Subscribe
Defense counsel David Court and Spc. Agustin Aguayo before a post-trial press conference.

Defense counsel David Court and Spc. Agustin Aguayo before a post-trial press conference. (Mark St,Clair / S&S)

WüRZBURG, Germany — A Schweinfurt-based Army medic was found guilty Tuesday in a Leighton Barracks courtroom of desertion with the intent to avoid hazardous duty and shirk important service, and missing movement.

Pfc. Agustín Aguayo, 35, of 1st Battalion, 18th Infantry Regiment, 2nd Brigade Combat Team, 1st Infantry Division, was sentenced to eight months’ confinement, ordered to forfeit all pay and allowances, reduced in rank to private and given a bad-conduct discharge.

Aguayo was credited with 161 days of pre-trial confinement and will serve 79 more days, according to Hilda Patton of the V Corps public affairs office.

By first missing a required movement with his unit then jumping out his bedroom window and fleeing to Southern California, Aguayo was convicted of deserting his unit on Sept. 1-2, 2006, to avoid a yearlong deployment to Iraq. The deployment would have been Aguayo’s second tour downrange.

Speaking with Aguayo at a post-trial press conference, lead defense attorney David Court said, “We’re both very grateful that the judge gave a relatively light sentence. As you know, he could have sentenced him to seven years based on the findings.”

Court said he expected that Aguayo would not spend “much more than six weeks in confinement.”

After waiving his right to trial by military panel and opting to face only a judge, Aguayo stoically explained his actions to Judge (Col.) R. Peter Masterton, beginning with his decision to disregard orders to form up with his fellow soldiers on Sept. 1, 2006, in order to move to Ramstein Air Base and on to Kuwait later in the evening.

Aguayo told Masterton that after showing up in his battalion area the next morning, he was escorted back to his living area by a noncommissioned officer in order to pick up personal items. At that point, he jumped out his bedroom window in Askren Manor Housing Area in Schweinfurt and eventually made his way back to his hometown near Los Angeles.

Sitting just in front of his parents, wife Helga, two daughters and numerous other family members and friends, Aguayo recounted how he eventually surrendered to military authorities on Sept. 26, and was escorted back to Germany by members of his unit.

Born in Guadalajara, Mexico, Aguayo applied for conscientious objector status two days before leaving for his first deployment in 2004. While in Tikrit, Iraq, from 2004-05, Aguayo, who joined the Army on Jan. 14, 2003, refused to load his weapon at any time, even pretending to load ammunition at points, he told the judge. During training rotations before the deployment that he missed, he refused to even pick up a weapon and received multiple disciplinary actions.
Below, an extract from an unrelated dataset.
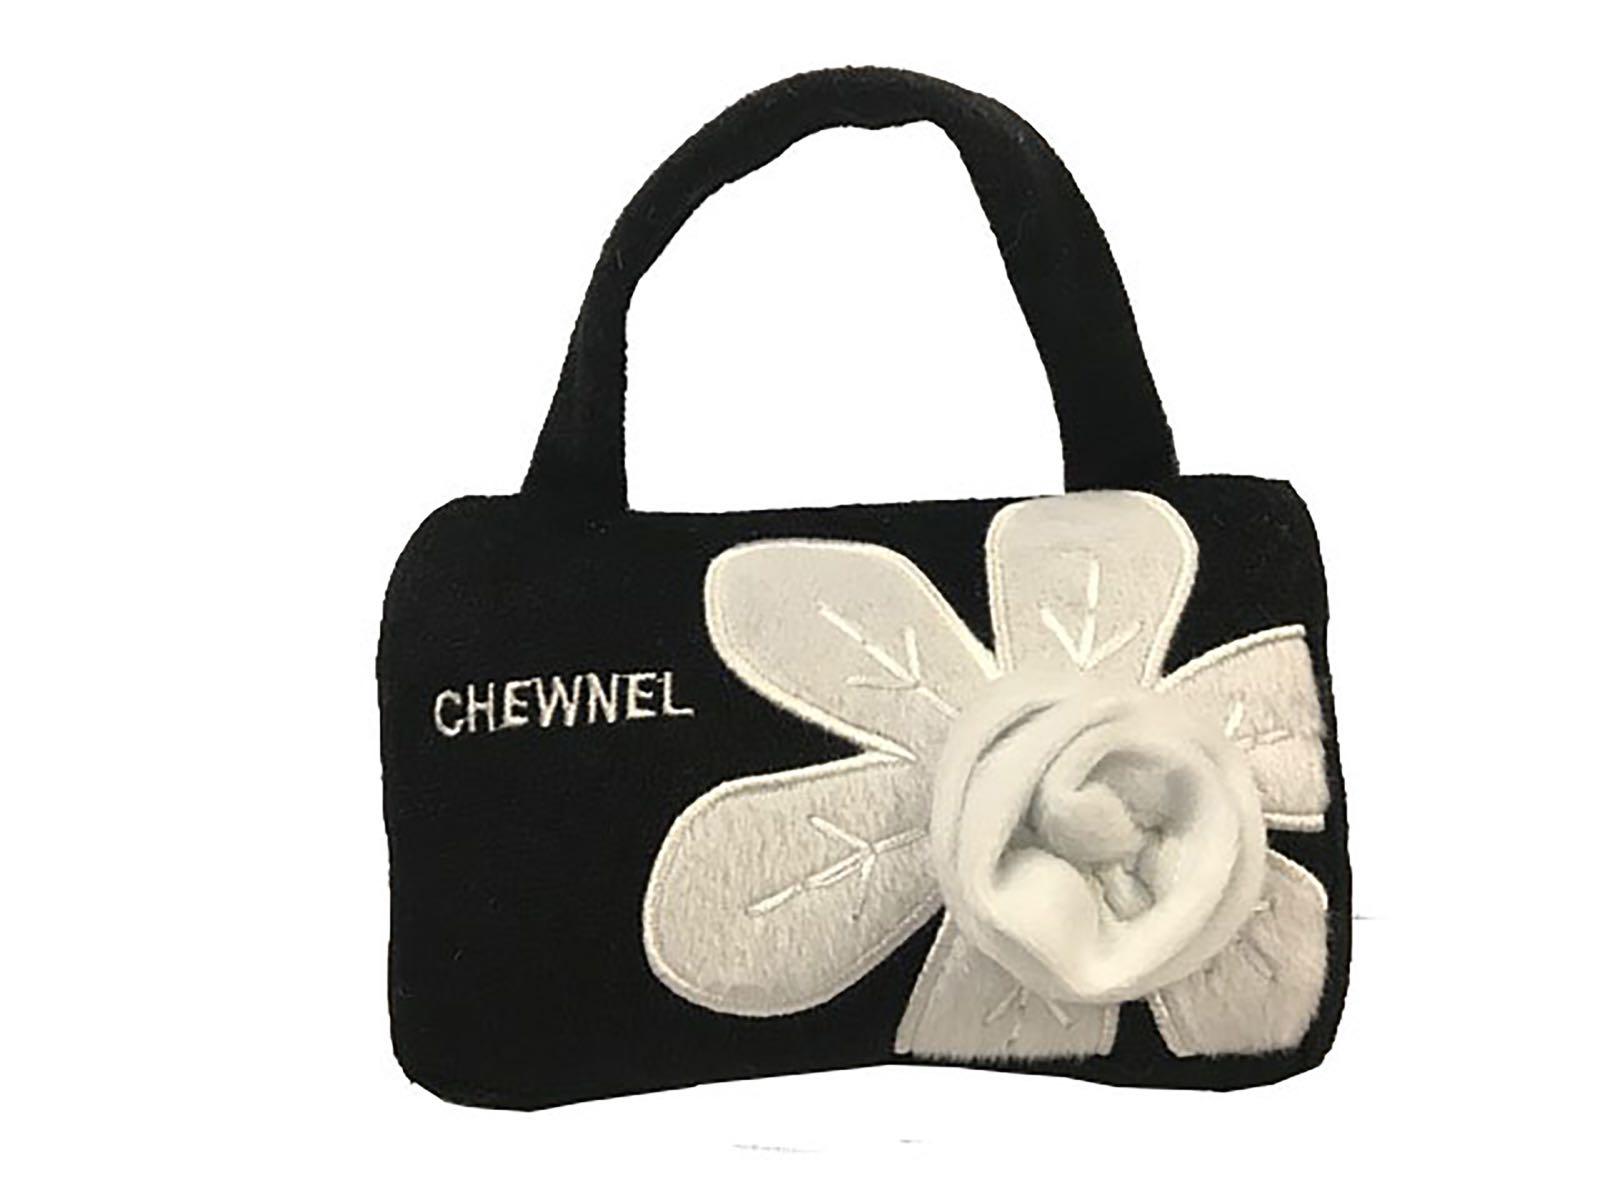 Chewnel flower bag

Members of his unit — including both his former platoon leader and NCO supervisor — traveled from Iraq to testify at the trial. They testified that if Aguayo had deployed, they would have tried to employ him in the battalion aid station, away from the combat patrols and the danger that the rest of the 40 battalion medics face daily.

“We’d try to shield him,” 1st Lt. Aaron Roberts said, later adding, “I hoped he would make the decision to go, but I didn’t expect him to go to Iraq.”

Roberts, along with Sgt. Steven Garcia, testified that Aguayo’s leaders were trying to make him a “legal non-available” soldier by having pending legal actions based on his refusal to carry a weapon.

Aguayo testified in an unsworn statement that by missing movement, he thought his unit would say, “OK, we knew it all along,” and charge him for it, thereby rendering himself non-deployable.

Since leaving Germany in the fall, 23 members of 2nd Brigade — including three from Aguayo’s battalion, which is stationed in Baghdad — have been killed in combat.